Given information |
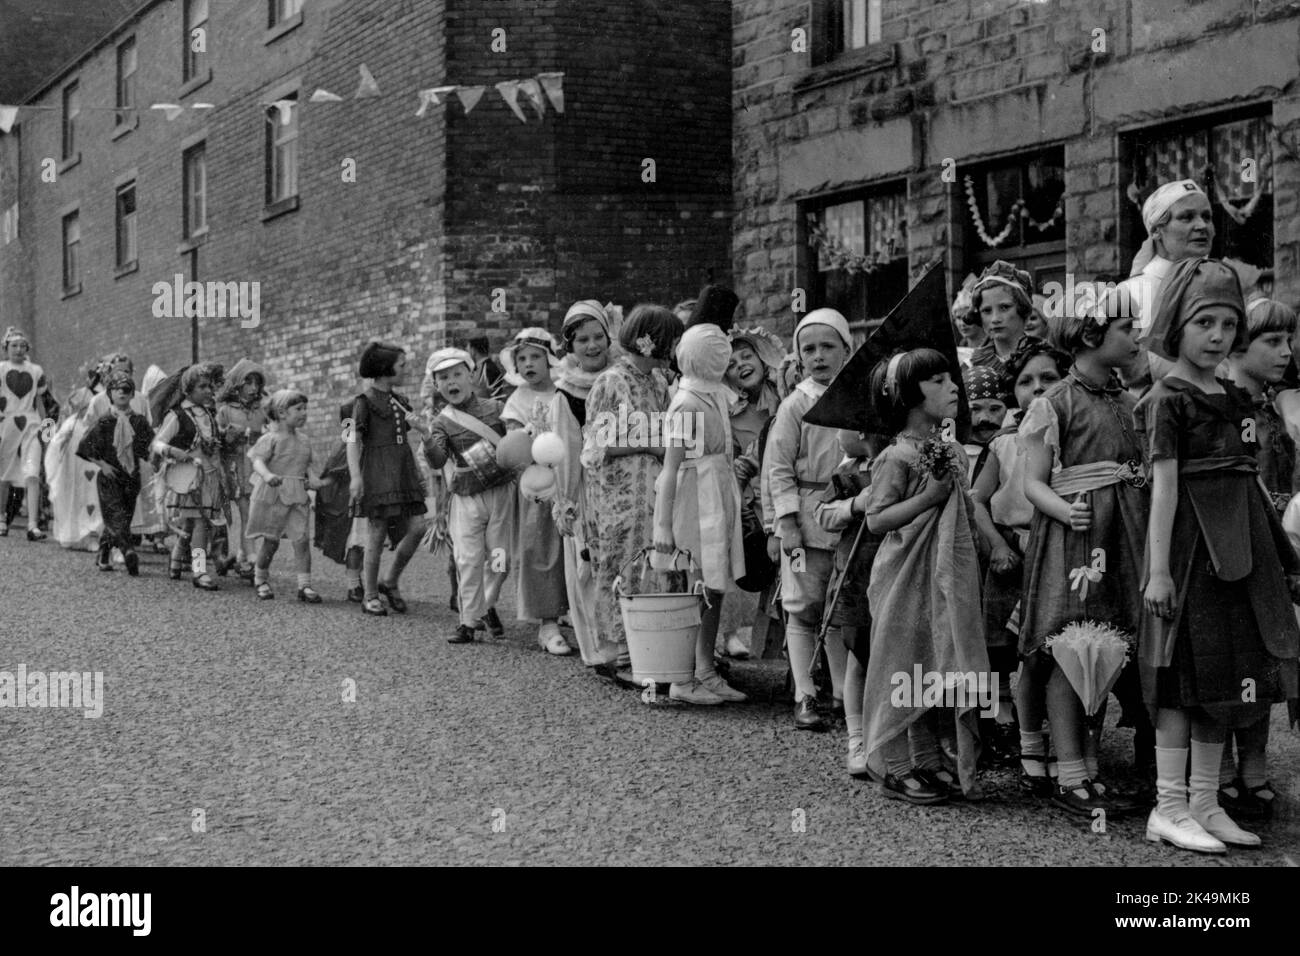 Excited youngsters in homemade fancy dress laugh and chatter as they wait, probably in Wakefield Road, to walk on in the procession held on 6 May 1935 to celebrate the Silver Jubilee of King George V at Denby Dale in West Yorkshire, England, UK. Stock Photo
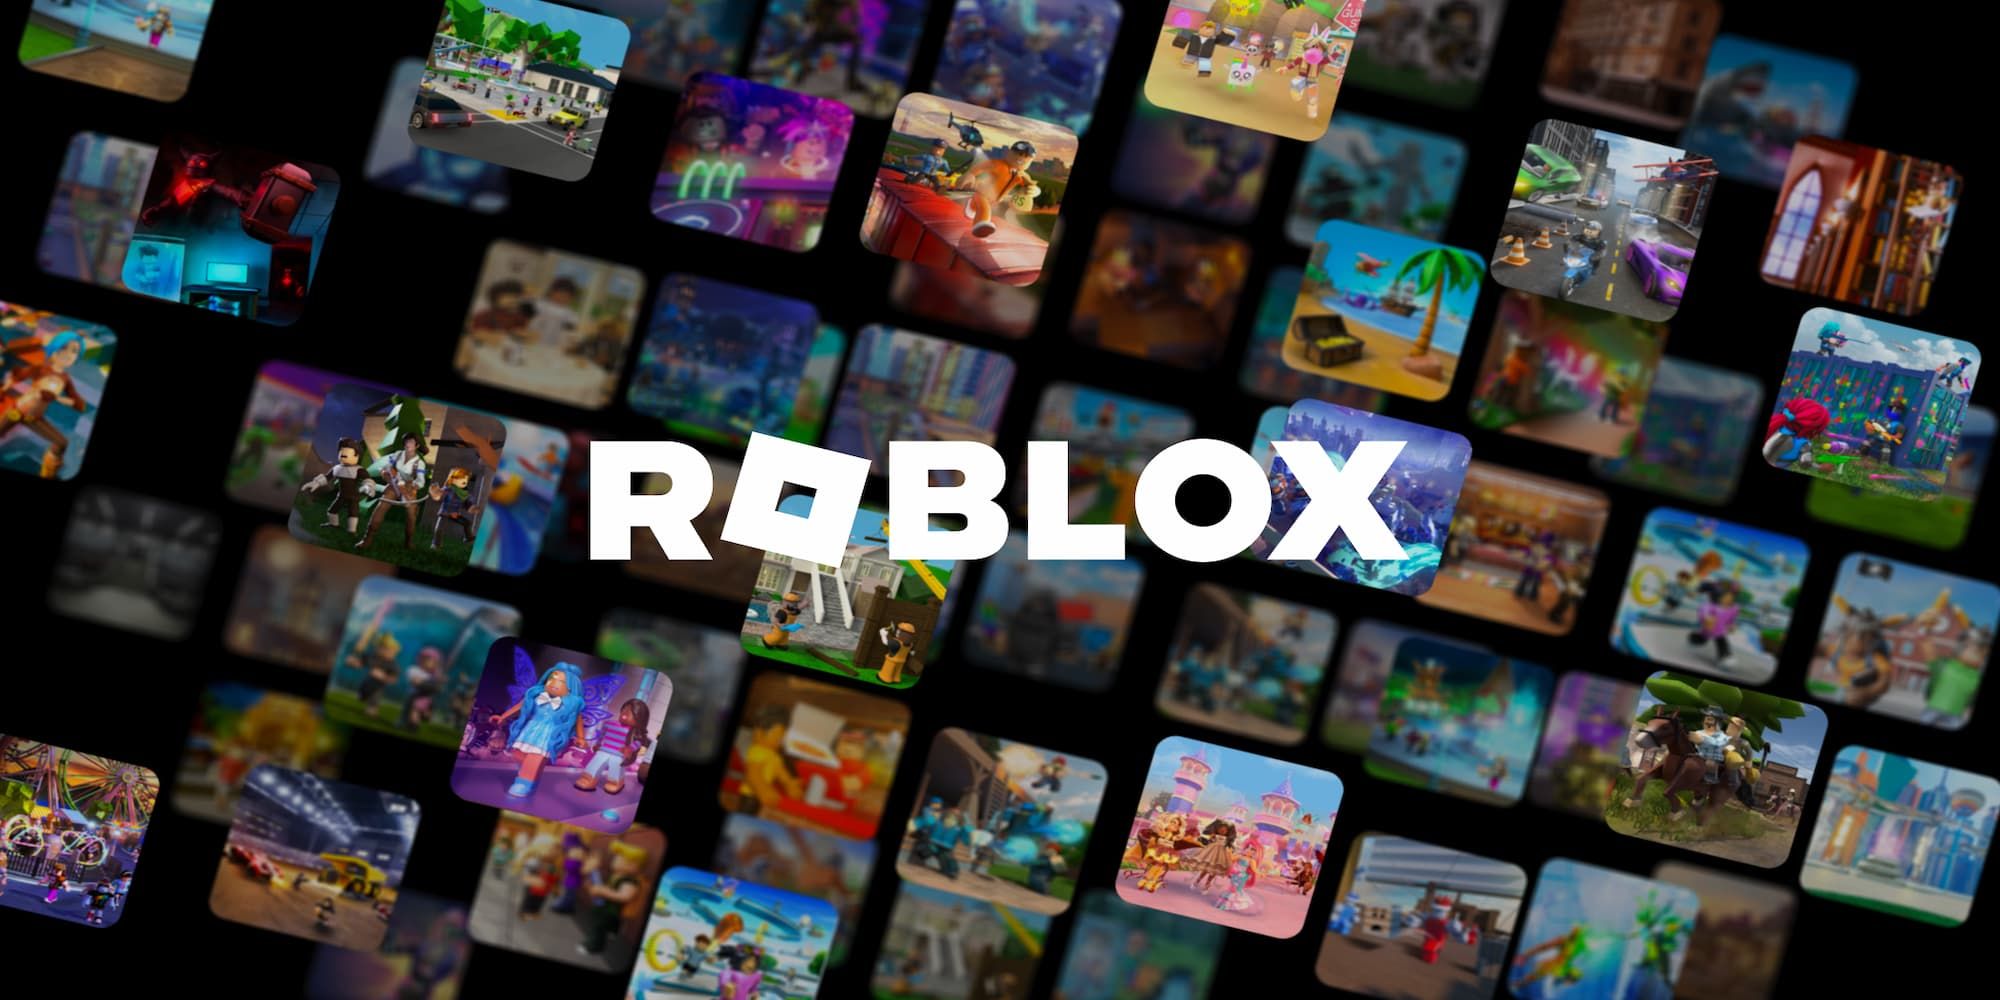 How to get voice chat on Roblox?
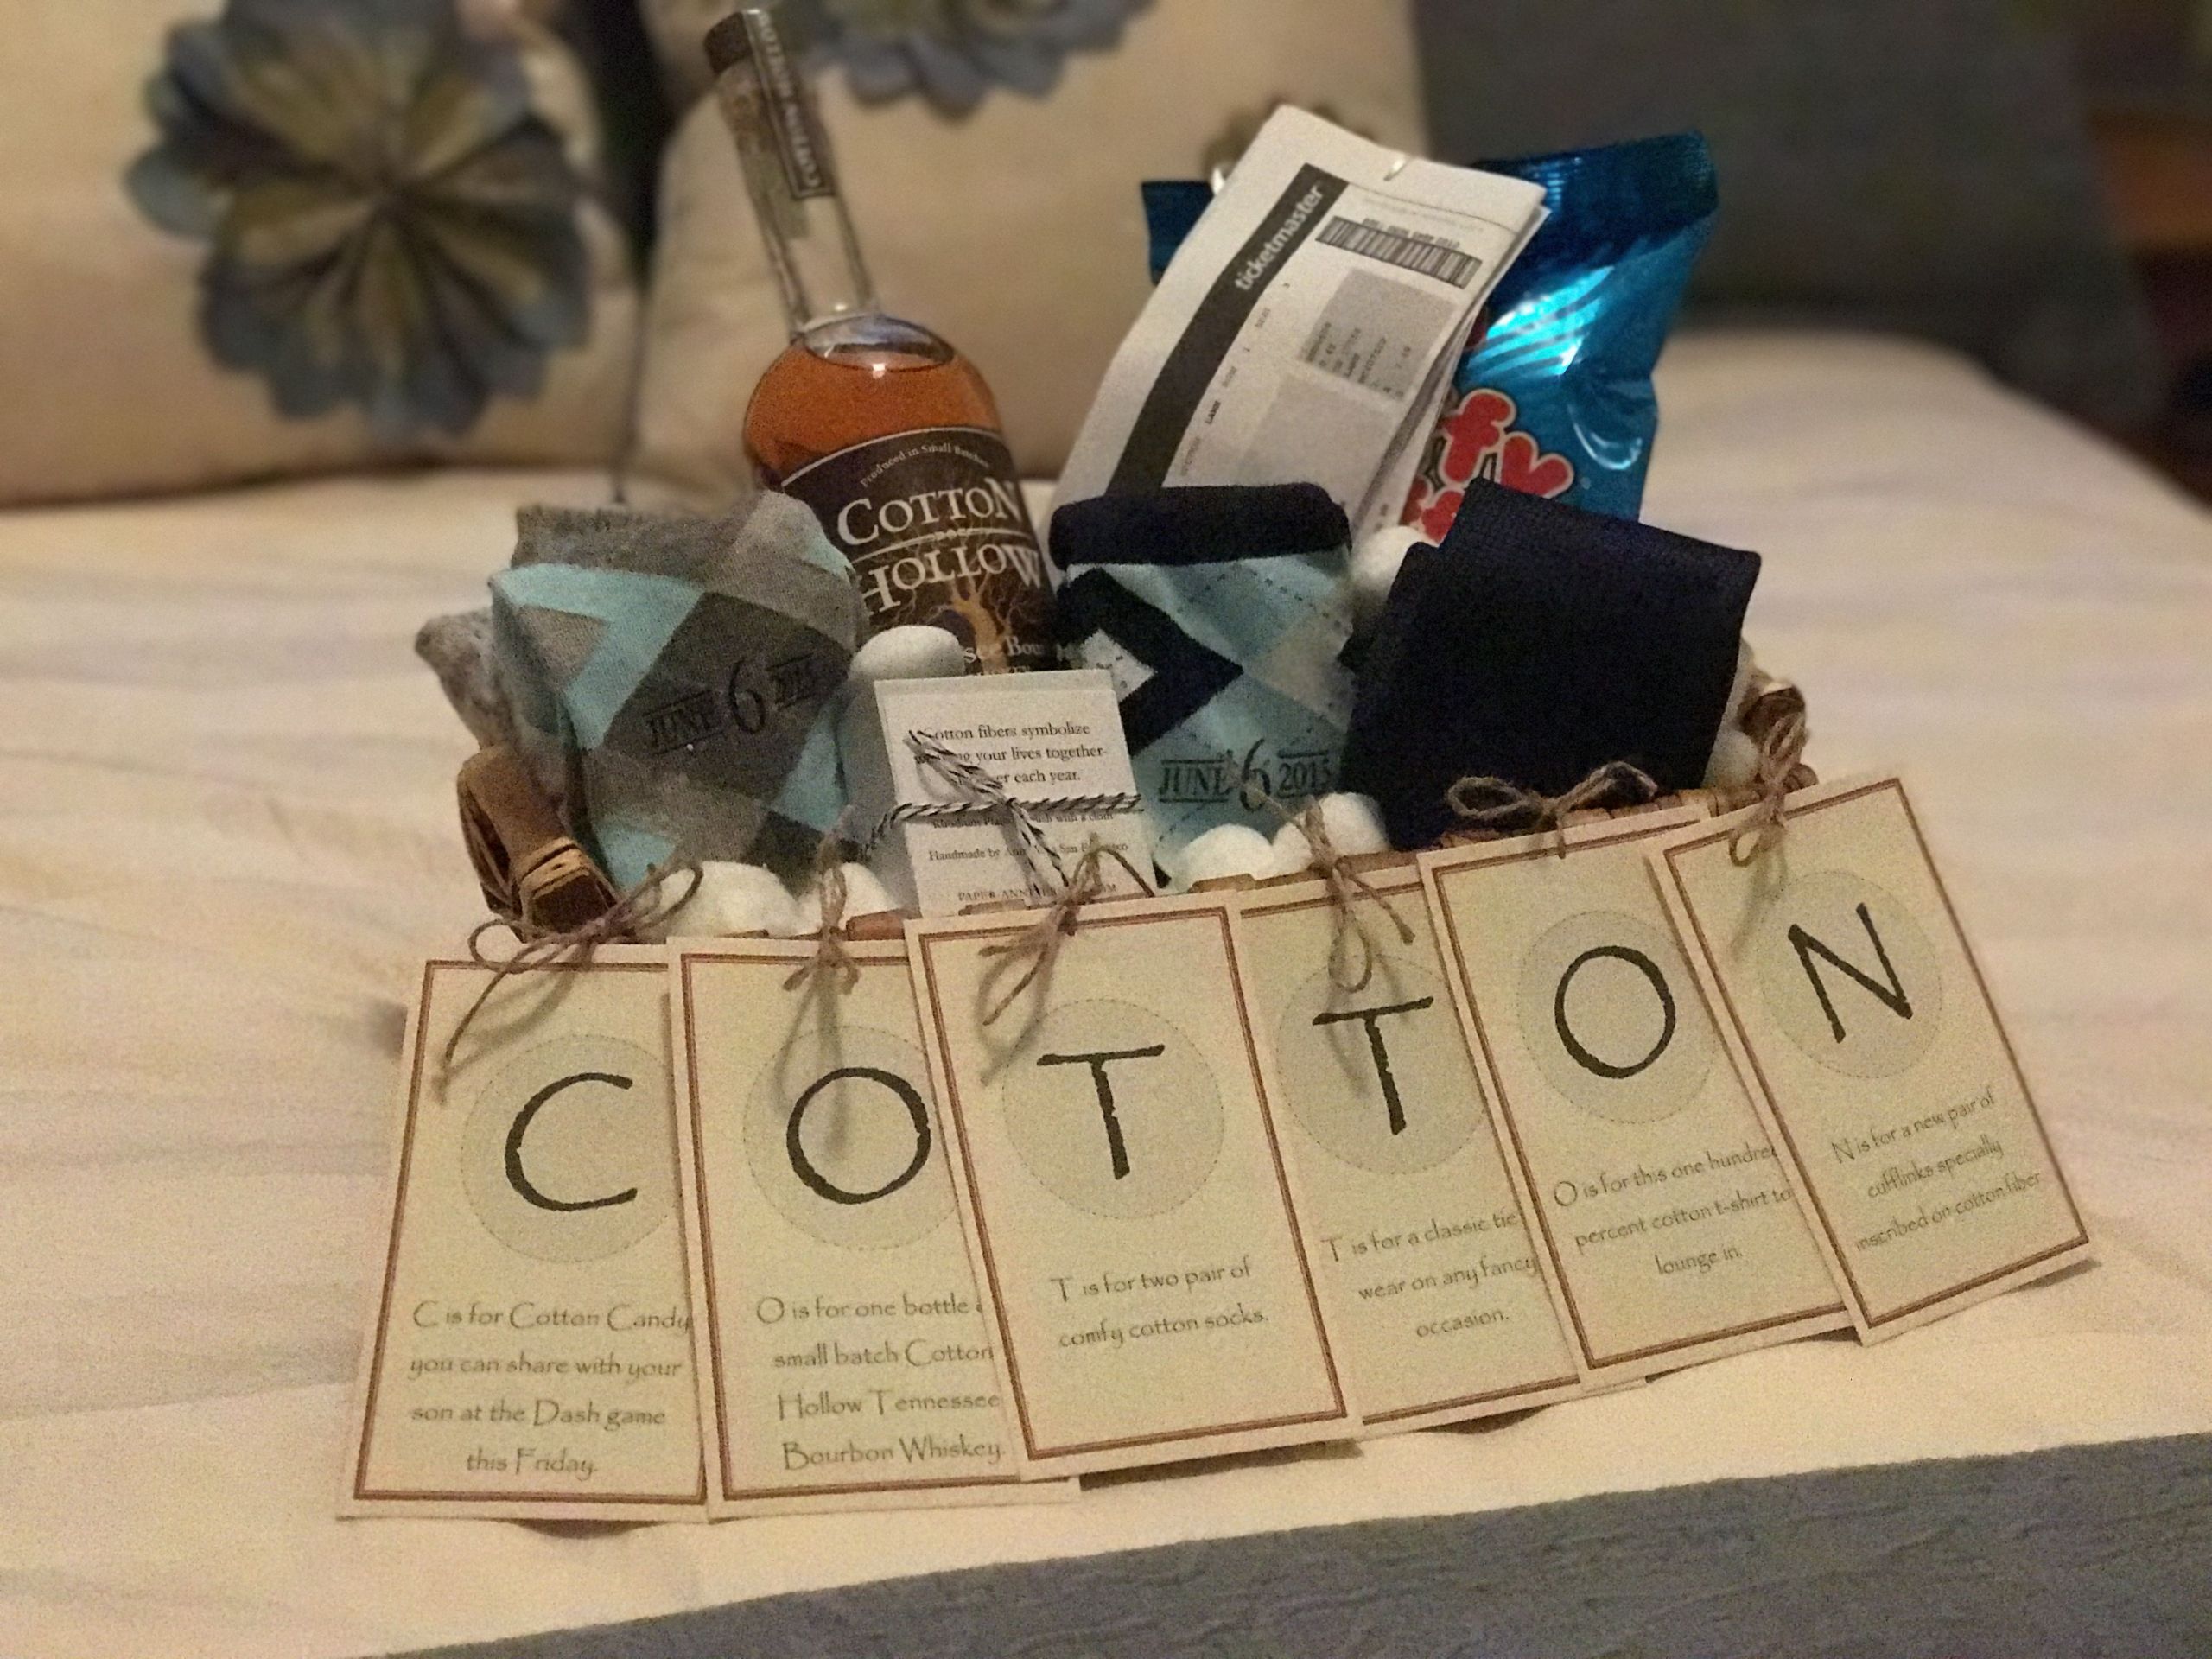 Second Anniversary Gift Ideas For Him
 The "Cotton" Anniversary Gift for Him

Problem to work on |
Please reprint the whole listing exactly and omit its pictures.

Completed exercise |
 Excited youngsters in homemade fancy dress laugh and chatter as they wait, probably in Wakefield Road, to walk on in the procession held on 6 May 1935 to celebrate the Silver Jubilee of King George V at Denby Dale in West Yorkshire, England, UK. Stock Photo
 How to get voice chat on Roblox?
 Second Anniversary Gift Ideas For Him
 The "Cotton" Anniversary Gift for Him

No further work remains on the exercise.